Missing setting: storage/disk.encryptionKeyPrimary
Update this setting as a default at group level
Click Enter
disk.encryptionKeyPrimary [type: str ***SECURE***] The mnemonic name of the encryption key.
primary
Missing setting: storage/disk.encryptionKeys
Update this setting as a default at group level
Click Enter
Name (or Enter/Return to stop adding entries)
primary
Value:
supersecretencryptionkeypleasedonotdistributeit1234
Name (or Enter/Return to stop adding entries)
Click Enter to finish.
SCS needs to know what IP range can be used to PXE boot the Swarm storage nodes in the backend network. In order to avoid collisions with other Swarm services, we can reserve a number of IP addresses at the beginning or the end of the range, so SCS will not assign those IP addresses to the nodes. In order to do this, run:
scsctl init dhcp --dhcp-reserve-lower=50 --dhcp-reserve-upper=10
adjusting the values to whatever makes sense in the backend network.
I.e., in a /24 network, the above will use from .51 to .244 to PXE boot and assign IP addresses to the Swarm storage nodes.
If the physical servers have SSD/NVMe or smaller drives that are not interesting for Swarm, they can be excluded running:
scsctl storage config set -d "disk.minGB=4096"
As an example, the above command will exclude any drive that is smaller than 4TB.
Unzip and add the license key. This key should be a plain text file:
scsctl license add -f license.txt
It is recommended to enable Swarm node stats for the Telemetry VM (Prometheus/Grafana), in order to do this, run:
scsctl storage config set -d "metrics.enableNodeExporter=true"
scsctl storage config set -d "metrics.nodeExporterFrequency=120"
If the Swarm storage nodes use an Intel Skylake based CPU or similar, run the following:
scsctl network_boot config set kernel.extraArgs=clocksource.max_cswd_read_retries=50 -d
systemctl restart swarm-platform
For more information, see Intel Skylake/Cascade Lake CPU Performance Issue
Finally, create a backup of the SCS configuration. Run:
scsctl backup -o backup-config-<date>
At this point, SCS has been configured and it is ready to PXE boot Swarm storage nodes.
Elasticsearch
The preconfigured IP address for the backend network is 172.29.1.20/16.
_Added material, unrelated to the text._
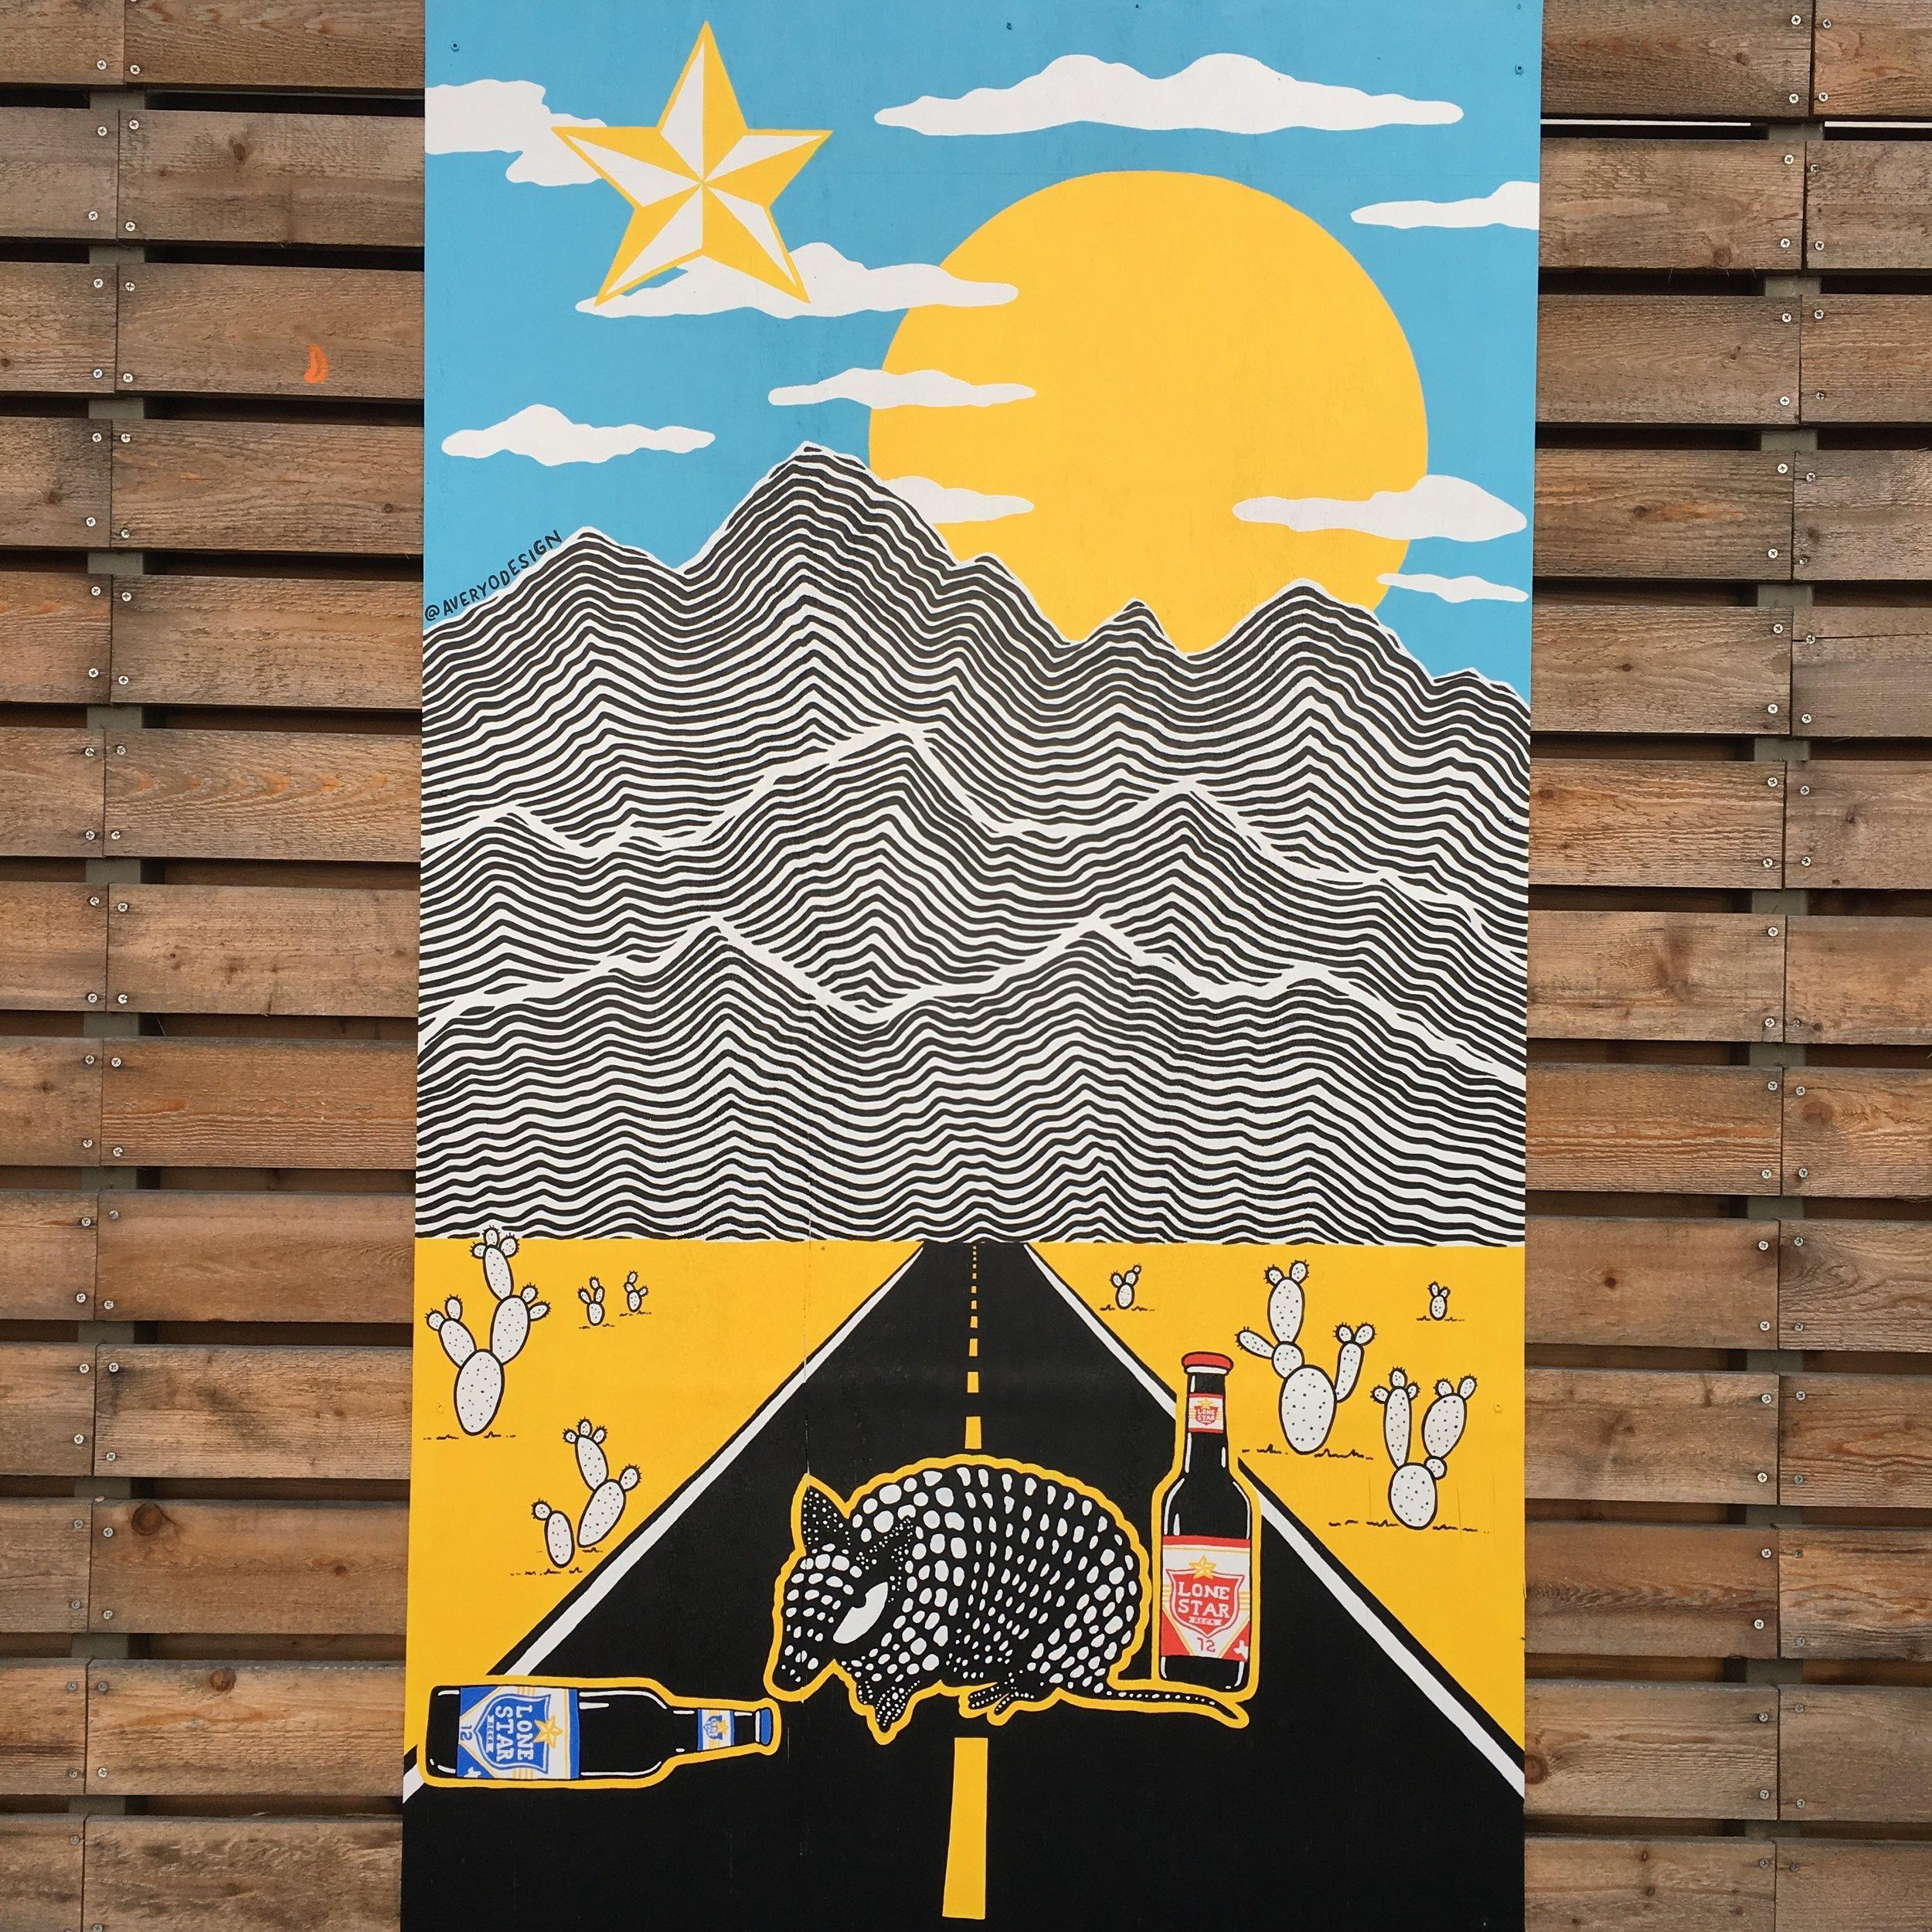 Lonestar Mural at The Liberty

Below are the steps to change it, if it is required:
Update the IP configuration information on /etc/sysconfig/network-scripts/ifcfg-ens192
Remove existent DNS, Gateway and Prefix in that config file and just include:
IPADDR=<ES_BACKEND_IP>|
NETMASK=<BACKEND_NETMASK>
Run:
ifdown ens192
systemctl restart networkEdit /etc/elasticsearch/elasticsearch.yml and replace 172.29.1.20 with the IP address configured in the previous step for this VM in the following sections of the file:
network.host: <ES_BACKEND_IP>
discovery.seed_hosts: ["<ES_BACKEND_IP>"]
cluster.initial_master_nodes: ["<ES_BACKEND_IP>"]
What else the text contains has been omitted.